In Barnett v. State, 96 Nev. 753, 616 P.2d 1107 (1980), and Hollis v. State, 96 Nev. 207, 606 P.2d 534 (1980), we held that instructions dealing with presumptions must be framed in permissive terms.Summary of this case from Albitre v. State
September 10, 1980
Appeal from judgment upon jury verdict, Eighth Judicial District Court, Clark County; Paul S. Goldman, Judge.
Morgan D. Harris, Public Defender, Clark County, for Appellant.
Richard Bryan, Attorney General, Carson City, and Robert Miller, District Attorney, Clark County, for Respondent.
NRS 205.275 provides in material part:
"205.275 Receiving, possessing, withholding stolen goods: Penalty; prima facie evidence.
"1. Every person who, for his own gain, or to prevent the owner from again possessing his property, buys, receives, possesses or withholds stolen goods, or anything the stealing of which is declared to be larceny, or property obtained by robbery, burglary or embezzlement:
"(a) Knowing that the goods or property were so obtained; or
"(b) Under such circumstances as should have caused a reasonable man to know that such goods or property were so obtained, shall be punished . . ."
On May 8, 1977, police officers recovered a stolen 19-inch color television set from Gloria Phillips. Witnesses testified that it was stolen from Jon Ridgeway's apartment on May 8, at approximately 3:30 p.m. Phillips testified that appellant offered to sell her a color television set about 3:00 p.m., approximately thirty minutes prior to the Ridgeway burglary. Appellant delivered Ridgeway's television set to Phillips about 5:30 p.m. the same day.
Over appellant's objection, the court gave the following instruction:
Instruction No. 7:
The recent unexplained possession of stolen property is evidence of the fact that the possessor of said property knew that it was stolen. The elements of this presumption are the property must be stolen, must be in the possession of the Defendant, the possession must be recent, and it must be otherwise unexplained. This may be sufficient to convict in the absence of other facts and circumstances which leave a reasonable doubt in the minds of the Jury.
Appellant contends that giving the instruction was reversible error. We agree. Cf. Hollis v. State, 96 Nev. 207, 606 P.2d 534 (1980). NRS 47.230(2) commands that a judge shall not direct the jury to find a presumed fact against an accused and NRS 47.230(3) expressly provides that instructions dealing with presumptions against the accused must be in permissive terms. Id.

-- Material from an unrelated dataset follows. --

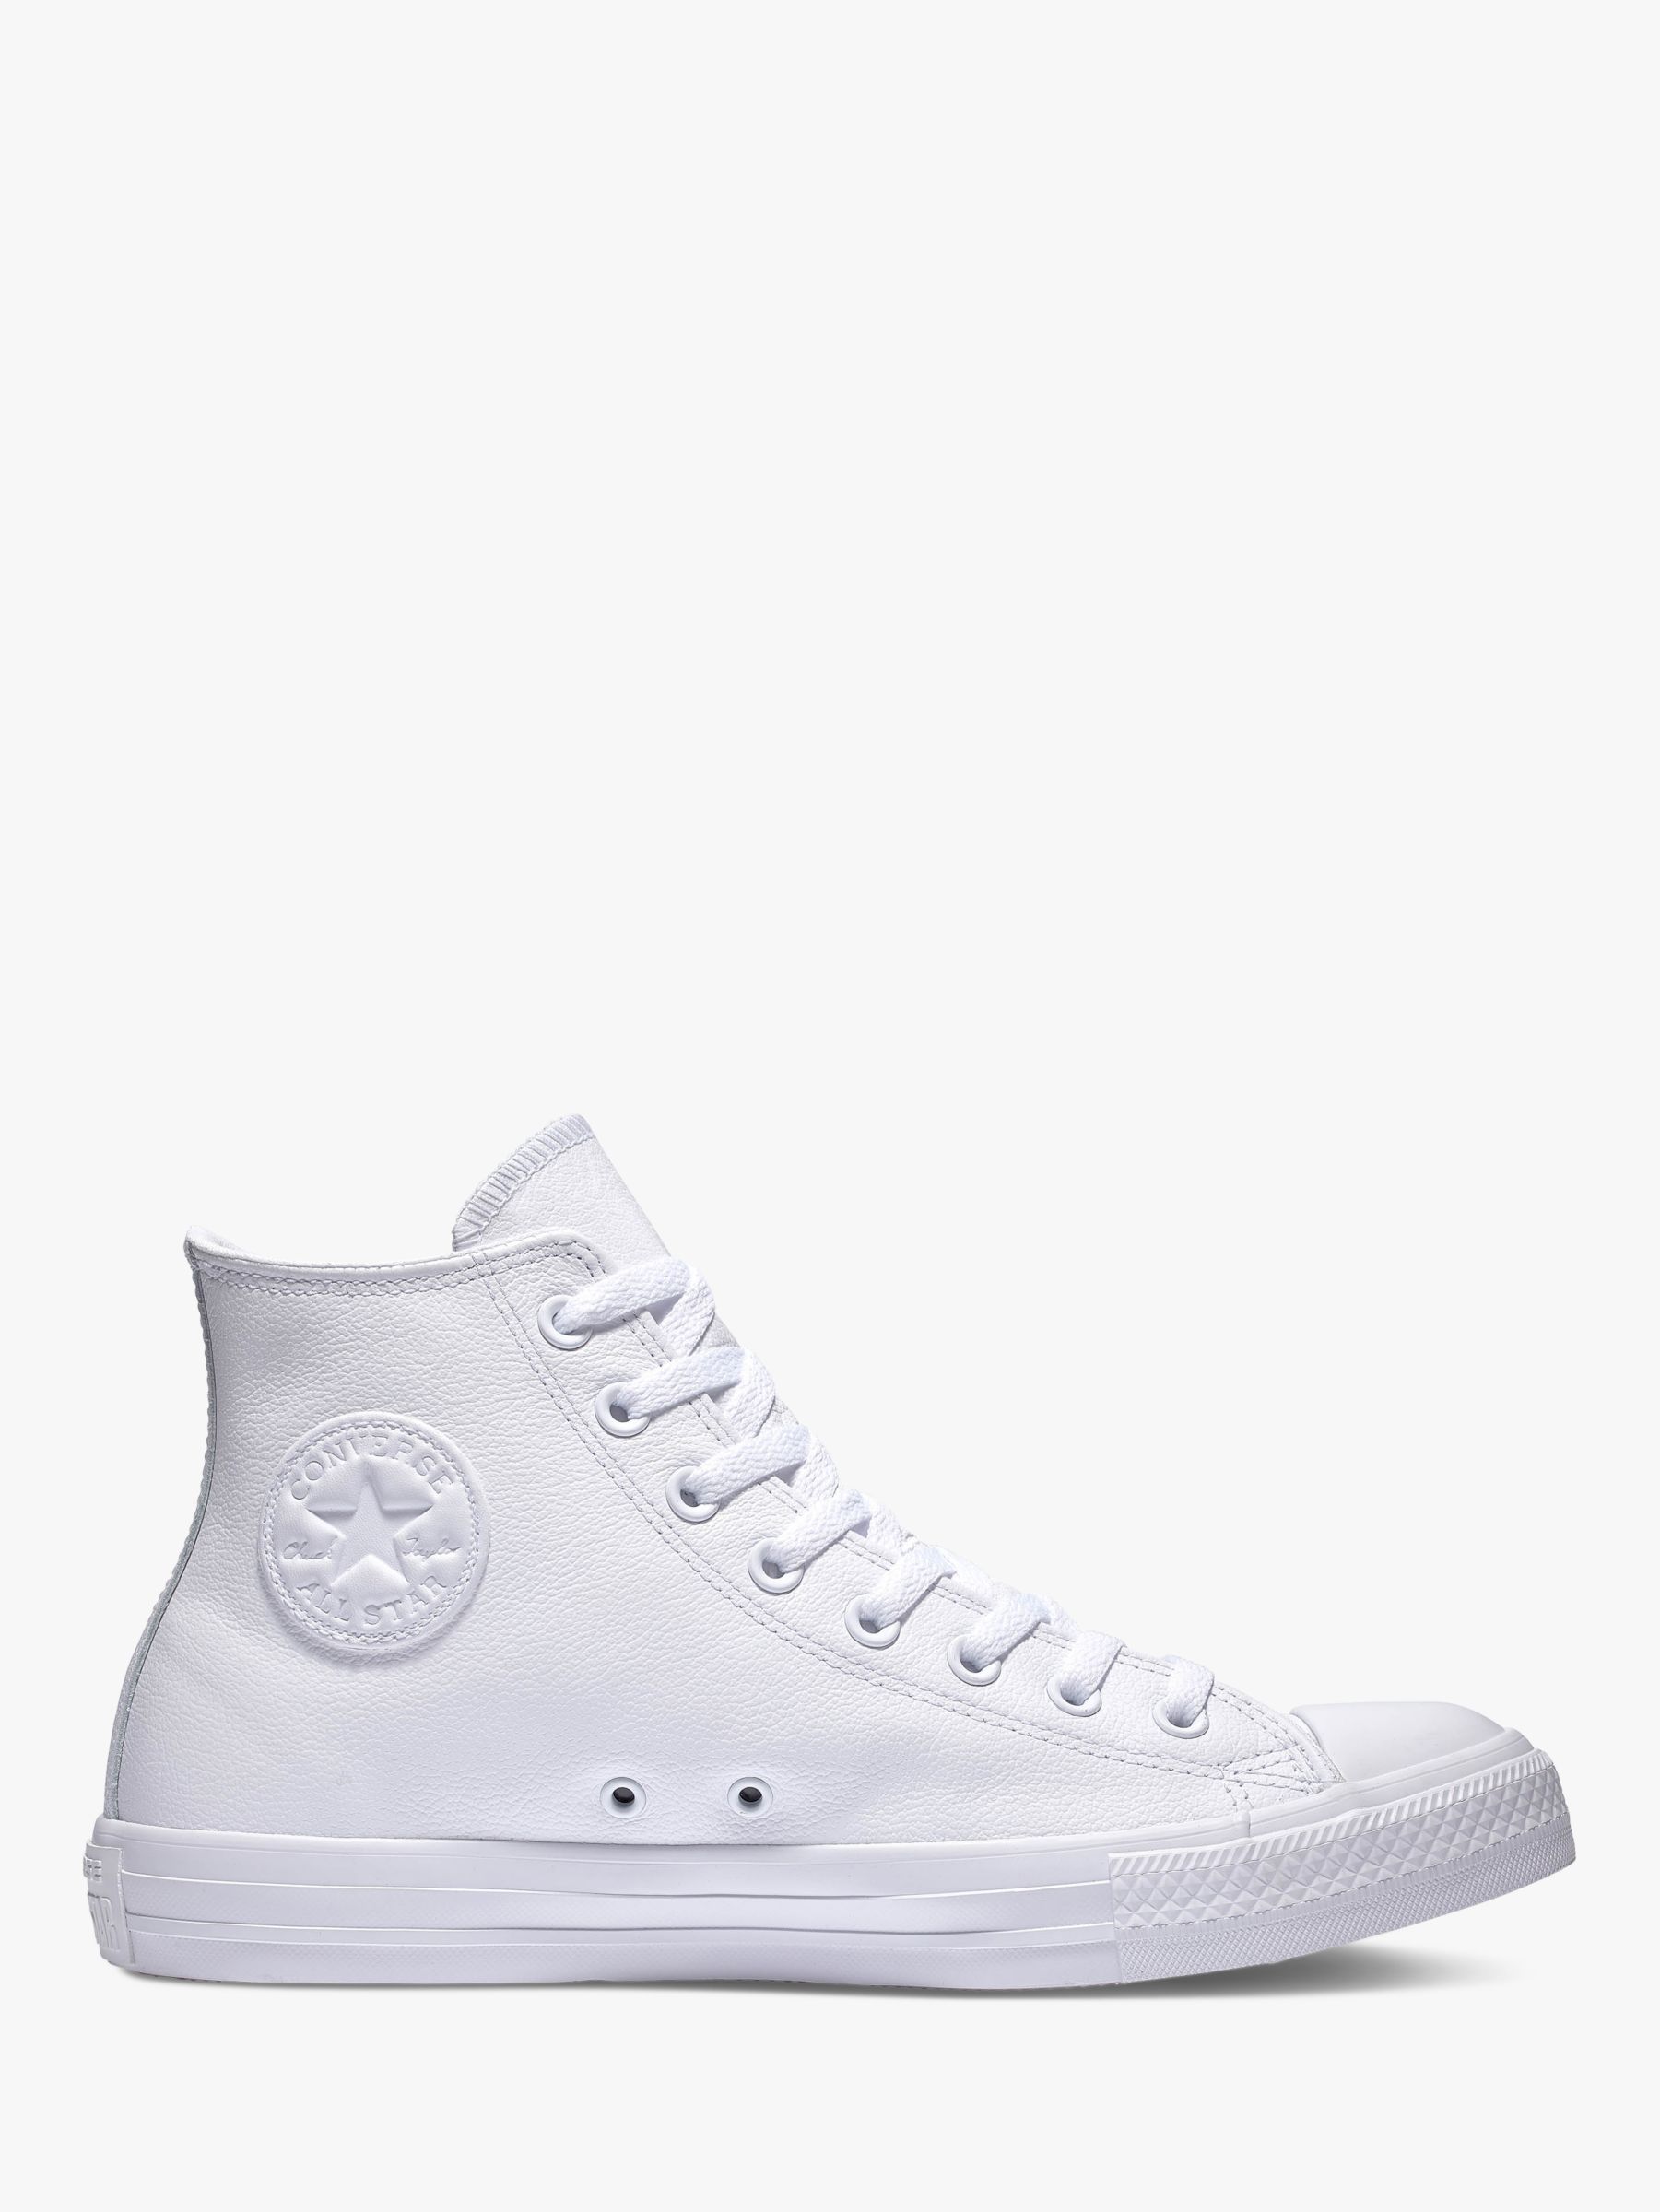 Converse All Star Leather Hi-Top Trainers, White Monochrome at John Lewis \u0026  Partners

In our view, Instruction No. 7 impermissibly declared unexplained possession of recently stolen property to be evidence that the possessor knew it was stolen, and also to be sufficient to convict him of the crime charged. The instruction does not merely instruct the jury that possession of recently stolen property is a circumstance tending to justify an inference of knowledge, nor does it direct the jury to weigh the circumstance of possession of recently stolen property with other evidence in reaching a verdict. No other instruction cured these deficiencies. The appellant argues, and we agree, that the instruction effectively relieved the prosecution of its burden of proof on an essential element of the crime and, therefore, reversal is required. Id.
In view of our disposition of the case, we need not consider appellant's contention that Instruction No. 7 violated constitutional due process. State v. Plunkett, 62 Nev. 265, 149 P.2d 101 (1944).
Inasmuch as the case is remanded for new trial, other claimed errors need not necessarily recur and we do not choose to discuss them, except to note that it was not improper to allow the pawnbroker's testimony as to value. See Cleveland v. State, 85 Nev. 635, 461 P.2d 408 (1969).
Reversed and remanded for new trial.
MOWBRAY, C.J., and THOMPSON, MANOUKIAN, and BATJER, JJ., concur.